For the couple new to intercourse, I recommend that the man offer to help his partner have an orgasm before trying intercourse, and then again later, if it is her wish. The discomfort of attempting to engage is often enought to thuart any orgasm.

> If all else fails.. just ask her if she had one.

I know, this is often suggested, yet I find it so crude. An essential part of a woman's sex education should be for her to inform her lover that she has had an orgasm, or, is having one. She need not exclaim this in a way that disrupts the moment; although a simple declaration like whispering a "wow", "whew", or "sigh" is often enough to convey the message. Similarly, a non-verbal way is to squeeze her hand in some way that the two of them work out that conveys the message. Doing one of these will forever stop the nagging question of "did you cum?"

"Well...didya?"

Thanks for bringing these matters up for discussion.

Huh?
Sorry I think you misread on my part b/c I lost my hymen a looonnngg time ago, lol. I dont even remember having the pain of having one.
Sex for me isn't painful and even my first time wasn't really that bad.
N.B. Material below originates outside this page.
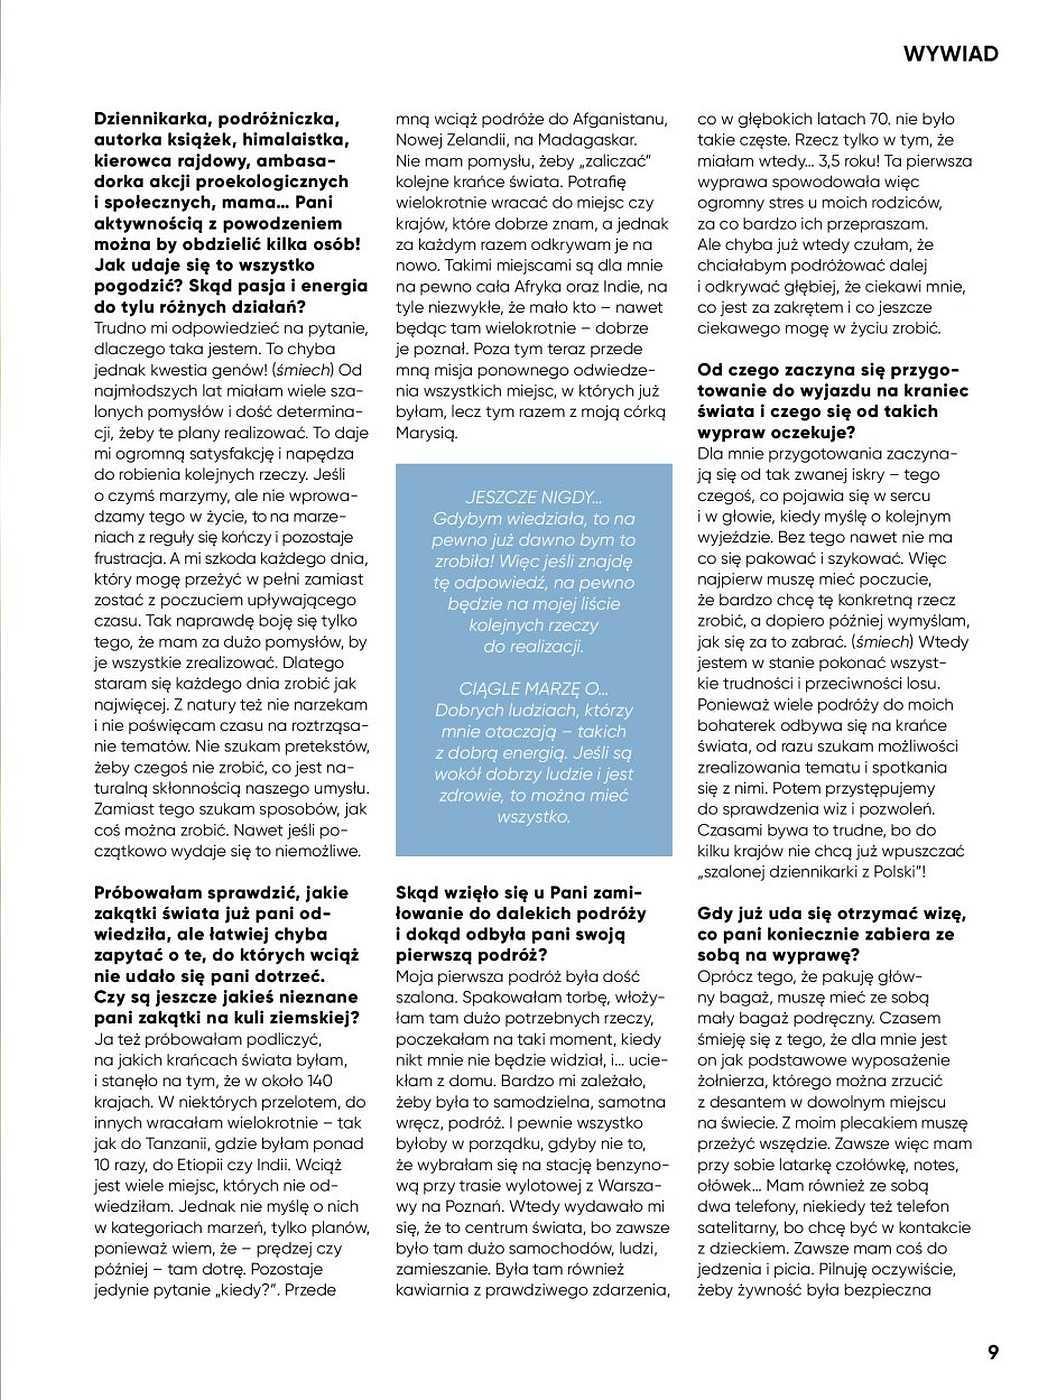 Gazetka promocyjna Tesco do 31/12/2018 str.9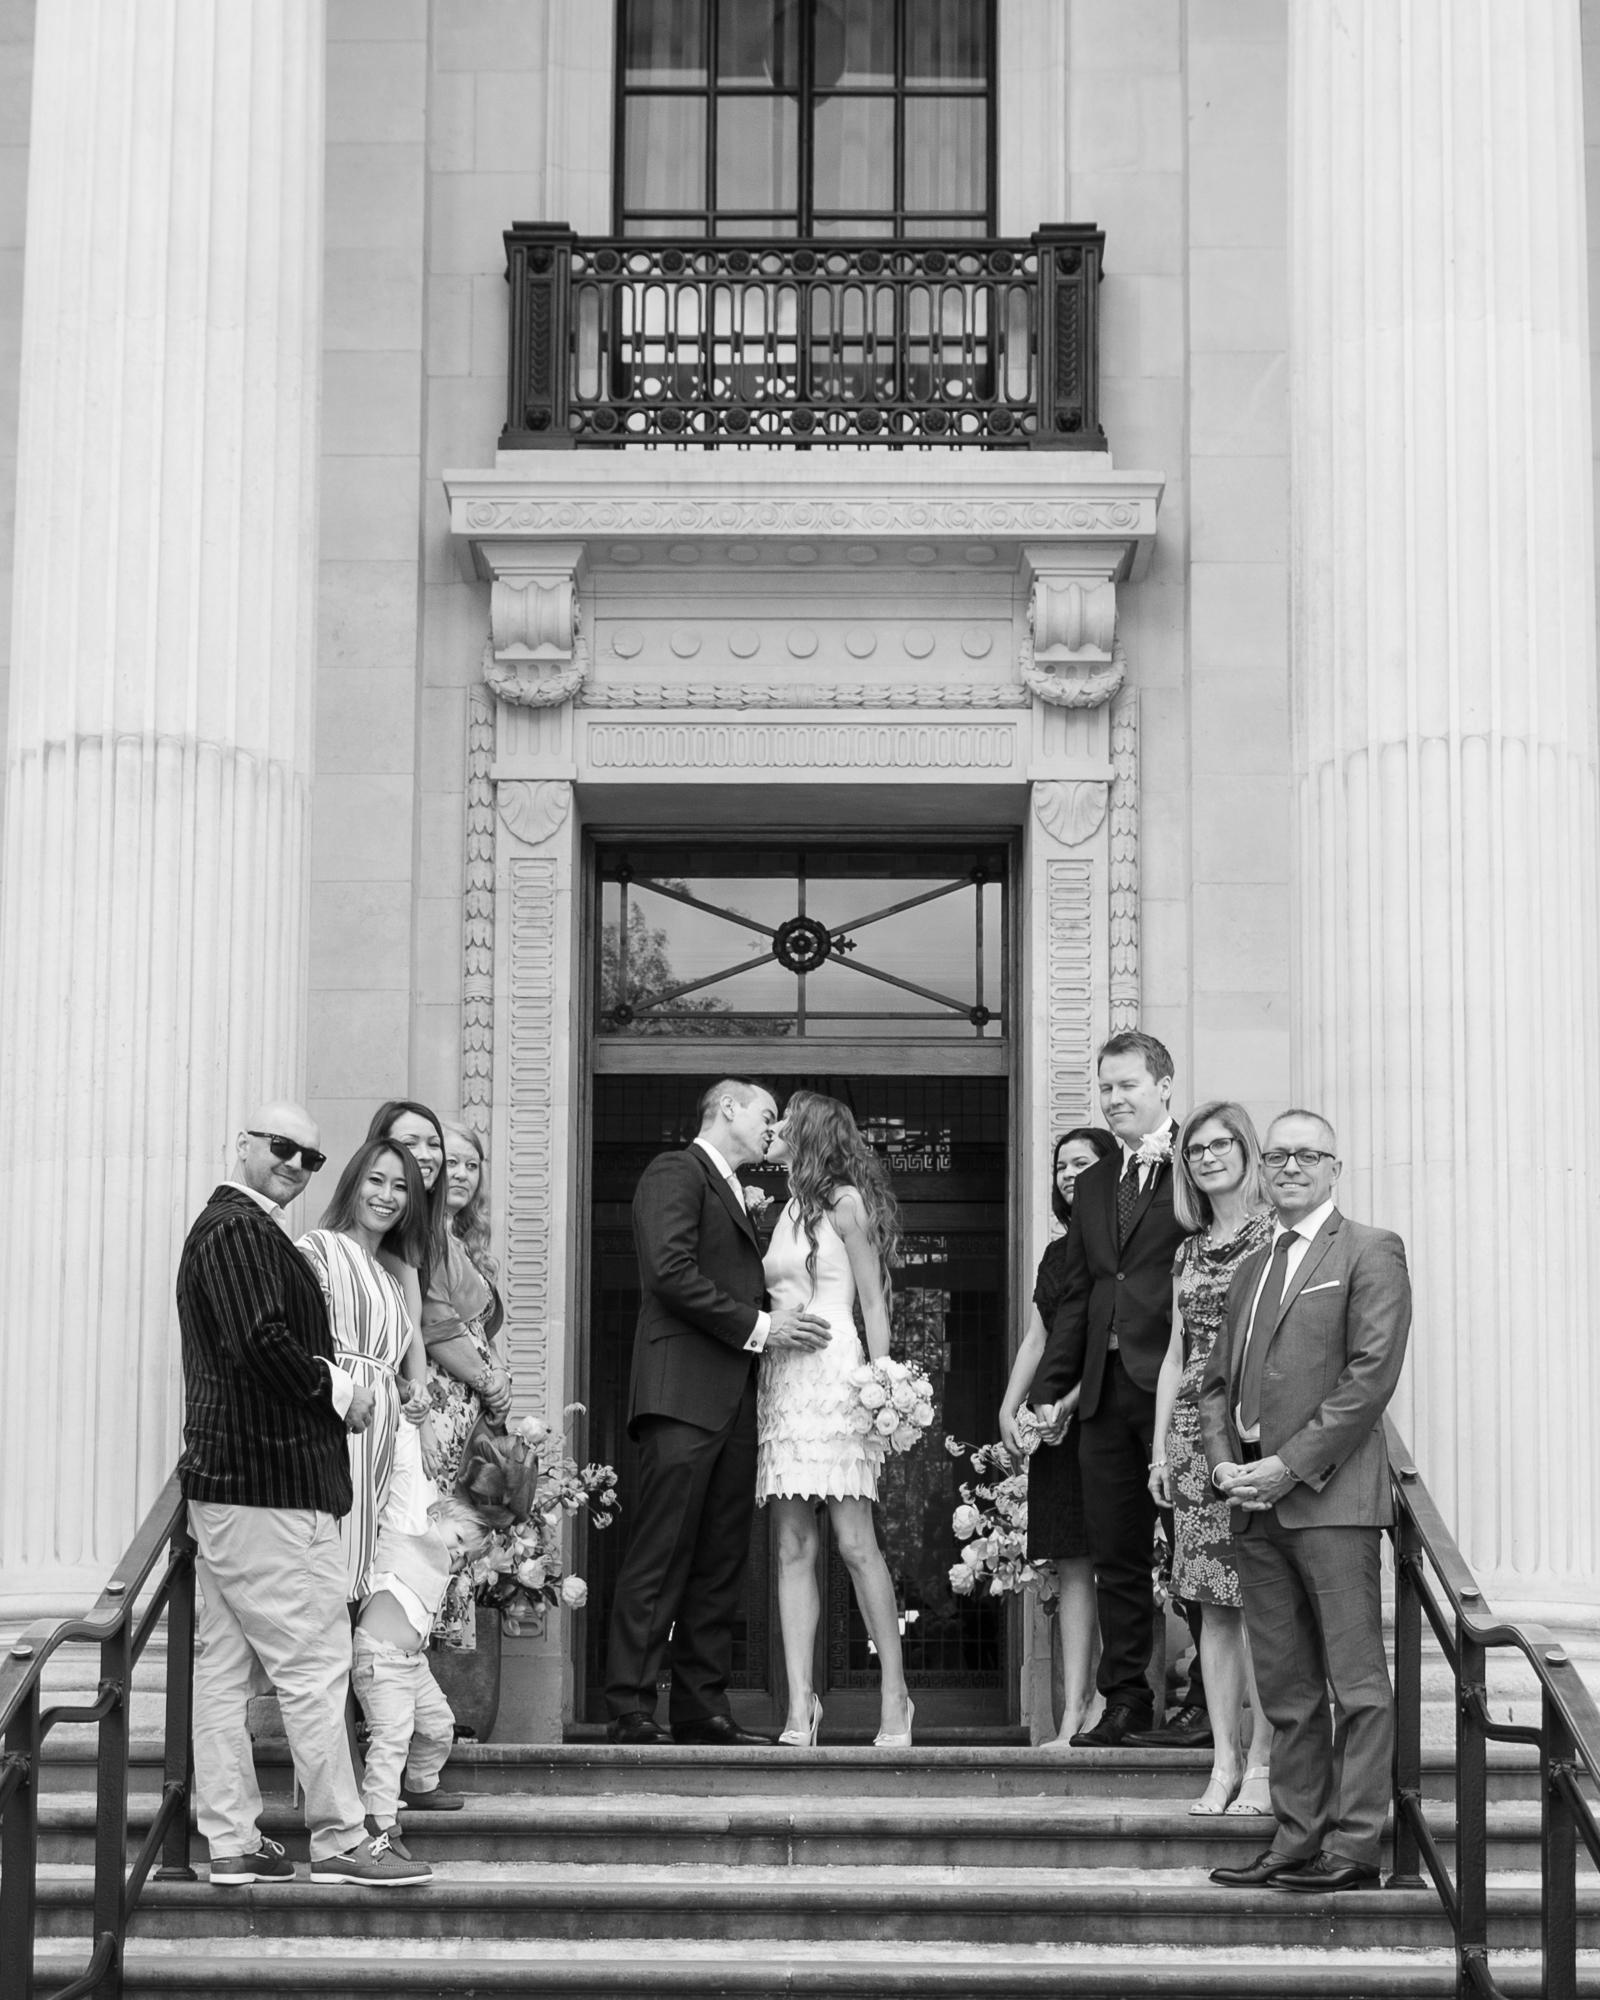 Kiss_the_Bride_Marylebone_Registry_Office_London_Wedding_Group_Natural_Fun_Rachel_Thornhill_Photogra

I agree that asking "did you cum?" is kind of childish and isn't necessary of those who are "seasoned" lovers. Yet it seems here lately the girl isn't even able to answer that question, so how is a unexperienced teen able to "read the signs".
Many girls have posted just saying, well my legs shook, was that an orgasm??

> I have never been penetrated and it hurt so bad it makes me want to cry

Please clarify by "connecting the dots" for this male-type.

[QUOTE=dancingdoc2]> I have never been penetrated and it hurt so bad it makes me want to cry

Please clarify by "connecting the dots" for this male-type.[/QUOTE]

Now I am even more confused lol
I was saying I have never been penetrated by either a penis or finger... and it BOTH a) hurt so much it made me want to cry and b) made me orgasm at the same time....
Sorry for the confusion. I am not a virgin

I realize a lot of women have this trouble and are unable to be easily penetrated. But badguy was stating that she made him pull his fingers out b/c the pain was unbearable but b/c she stated her clit moved and her legs shook he assumed she had an orgasm.